Ele defende ainda que as plataformas ofereçam, além do seguro contra acidentes, apoio psicológico para os colaboradores: “Eu, como motorista, preciso estar bem fisicamente e mentalmente para conseguir entregar um serviço de qualidade e segurança para os passageiros. A pessoa pode estar bem fisicamente, mas mentalmente não. E isso, a meu ver, é um risco muito maior”.


PRÓXIMOS PASSOS

O Projeto de Lei agora segue para aprovação do prefeito. Ao Estado de Minas a Prefeitura de Belo Horizonte, informou, na quinta-feira, que o texto ainda não havia sido encaminhado ao Executivo e que, quando protocolado, será analisado no prazo legal.


Em maio, o prefeito Álvaro Damião defendeu a regulamentação de condutores que usam motos por aplicativo e anunciou a instalação da primeira motofaixa de BH, na Via Expressa.”Regulamentar os mototáxis se faz necessário em BH, e em qualquer outro lugar. Porque quando você está regulamentado tem maior qualidade de vida para quem pilota e para a pessoa que está na garupa da moto”, disse ele na ocasião.


Carlos Calazans se comprometeu em seguir dialogando com a PBH para melhorar o serviço de transporte de passageiros cada vez mais. “Vou dialogar com a prefeitura no sentido de fazer mais melhorias. Recebi uma sugestão, que achei muito legal, para que ostrabalhadores de moto tivessem no seu capacete a placa da moto, para facilitar a identificação. Mas creio que essa teria que ser uma regulamentação a nível nacional”, conta.


MOTOAPPS PELO BRASIL

Desde março de 2018, a Lei 13.640 permite o transporte de passageiros por motos via aplicativos em todo o território nacional e determina que é função dos municípios estabelecer as regras do serviço.
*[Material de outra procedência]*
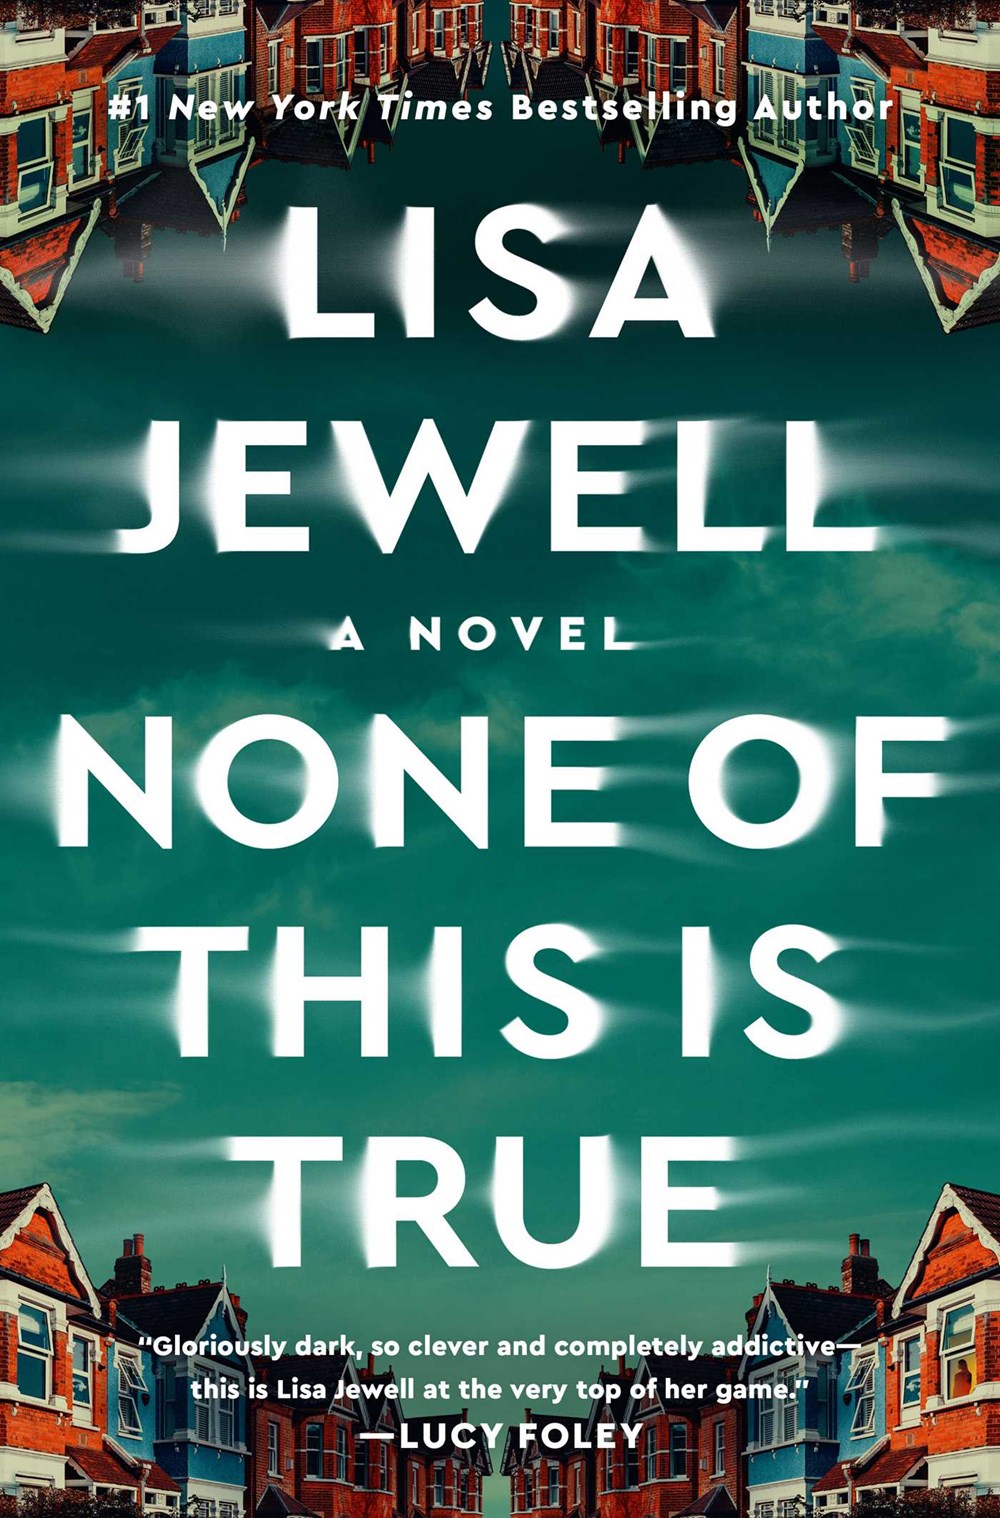 Read-Alikes for ‘None of This Is True’ by Lisa Jewell | LibraryReads

No último dia 11, o prefeito de Fortaleza (CE), Evandro Leitão, sancionou lei que regulamenta o serviço de transporte de passageiros por motocicletas, com regras de segurança e documentação, e que concede subsídio de 50% no Imposto sobre a Propriedade de Veículos Automotores (IPVA) para os profissionais do setor.
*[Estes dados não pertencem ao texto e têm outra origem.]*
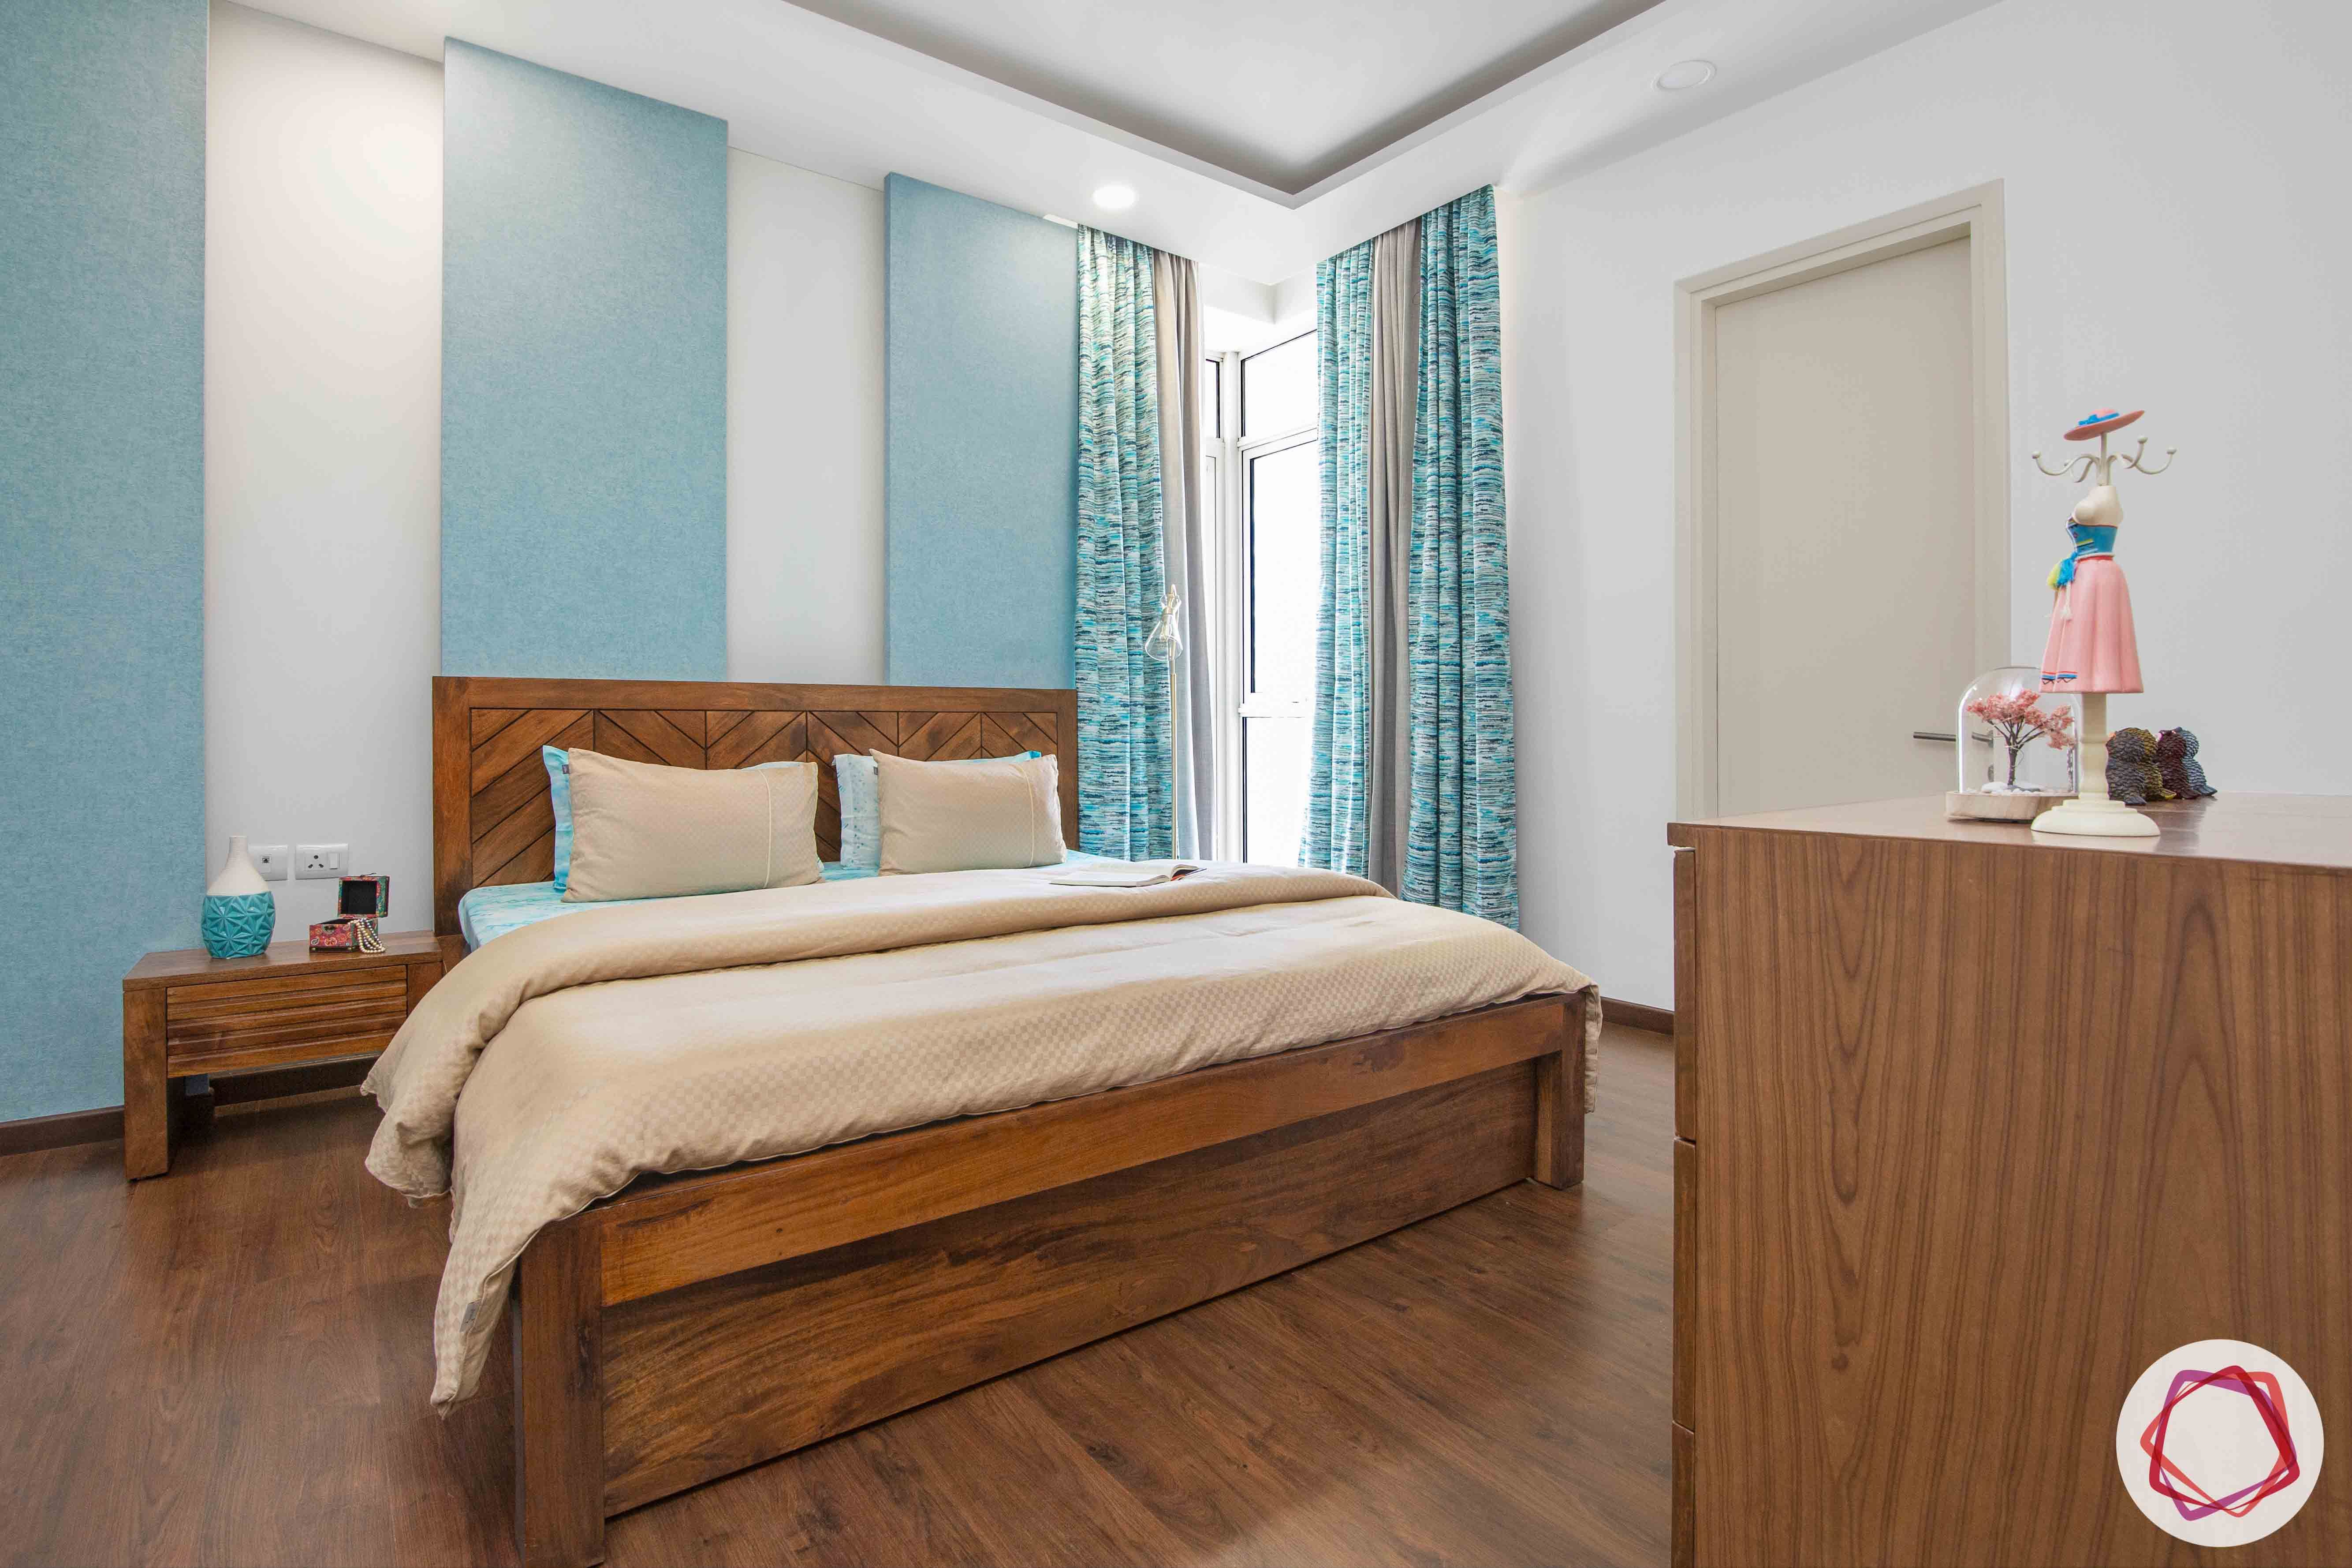 ireo victory valley-master bedroom-blue wall panels-wooden bed

Na cidade do Rio de Janeiro (RJ), a 99 e a Uber aderiram ao Programa de Monitoramento de Direção Segura de Condutores, criado pela prefeitura em outubro deste ano. Com isso, as plataformas são orientadas a usar mecanismos de monitoramento para identificar comportamentos de risco no trânsito, implementar sistema de pontuação de direção segura e oferecer cursos de conscientização.


No dia 10, a Prefeitura de São Paulo (SP) publicou um decreto que regulamenta o mototáxi na cidade. Semelhante à regulamentação belo-horizontina, foi estabelecido o uso de sinalização específica, seguros para condutores e passageiros, itens de segurança e instalação de pontos de apoio.
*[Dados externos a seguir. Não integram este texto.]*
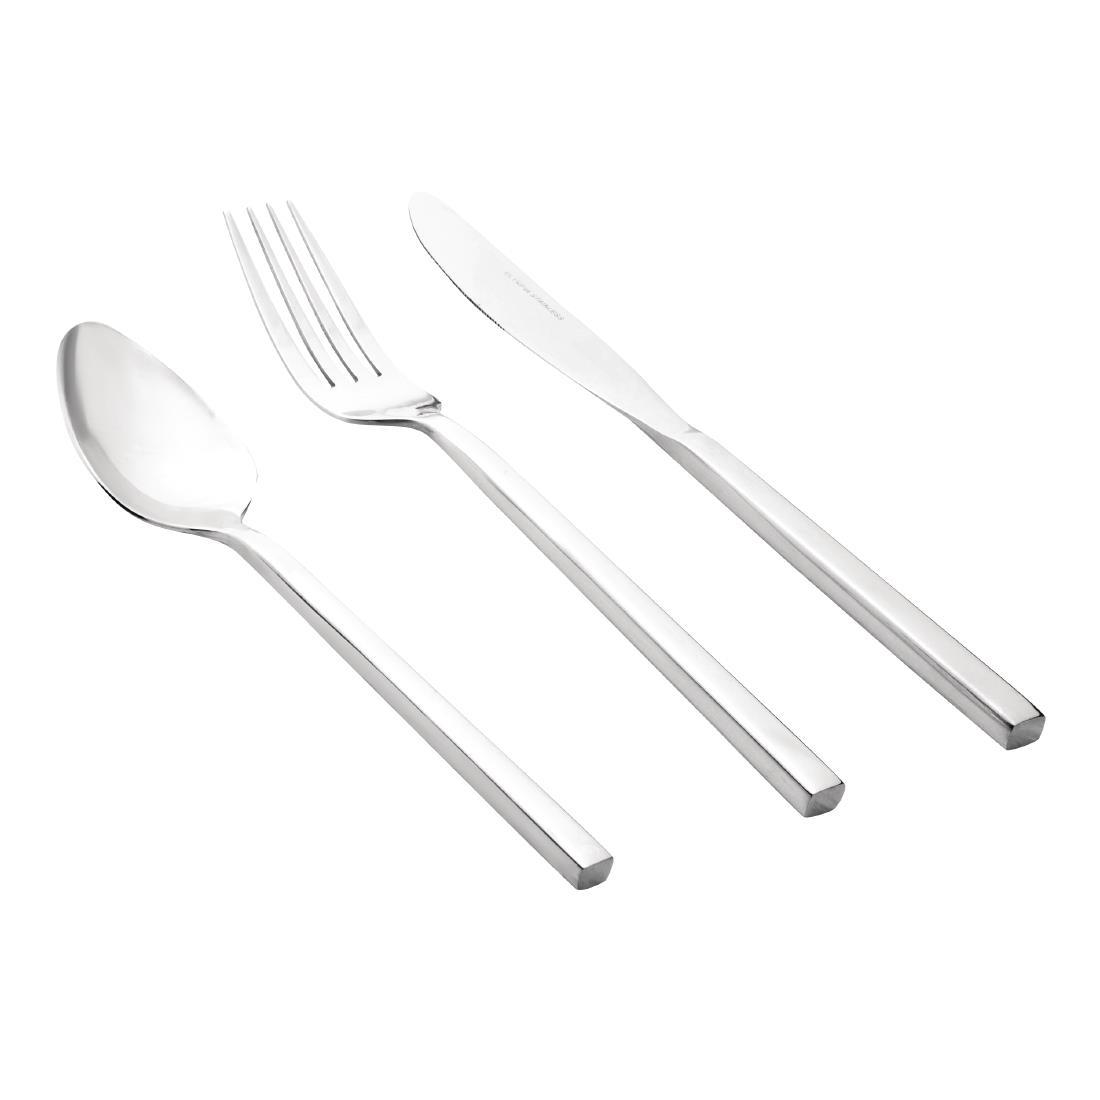 Olympia Napoli Cutlery Sample Set (Pack of 3) - CB650  - 2

Além disso, também estabelece a obrigatoriedade de um cadastro dos motociclistas junto ao município, com o uso de placa vermelha, e proíbe o funcionamento dos motoapps em diversas áreas da cidade. Segundo Irina Cézar, um ponto de impasse é a exigência de fornecimento de documentação, mas sem especificar o prazo de análise e resposta de aprovação. Em protesto, a Uber e a 99 decidiram suspender o serviço, afirmando que a regulamentação é ilegal e, na prática, visa proibir o serviço.


“Além de a placa vermelha ser uma concessão pública, não é correto que se faça dessa forma. O carro de aplicativo é um modal privado e não vai usufruir de benesses como o táxi usufrui, como o uso de faixa exclusiva e isenções”, diz a diretora da 99. “A verdade é que a regulamentação de São Paulo impossibilita algum tipo de diálogo mais construtivo”, conclui. 

O QUE FOI APROVADO

Exigências para os motociclistas

Idade mínima de 21 anos


CNH com dois anos de habilitação (categoria A)
Certidões negativas de antecedentes criminais
Uso de equipamentos de proteção (EPI) adequados e seguro de acidentes pessoais para passageiros.


Obrigações das plataformas

Monitoramento de velocidade e rastreamento em tempo real
Fiscalização do uso de EPIs pelos condutores
Oferta de treinamentos periódicos

Segurança

Uso de colete com faixas reflexivas
Antena corta-pipa
Protetor de pernas

Infraestrutura

Criação de pontos de apoio com banheiro, água potável e wi-fi.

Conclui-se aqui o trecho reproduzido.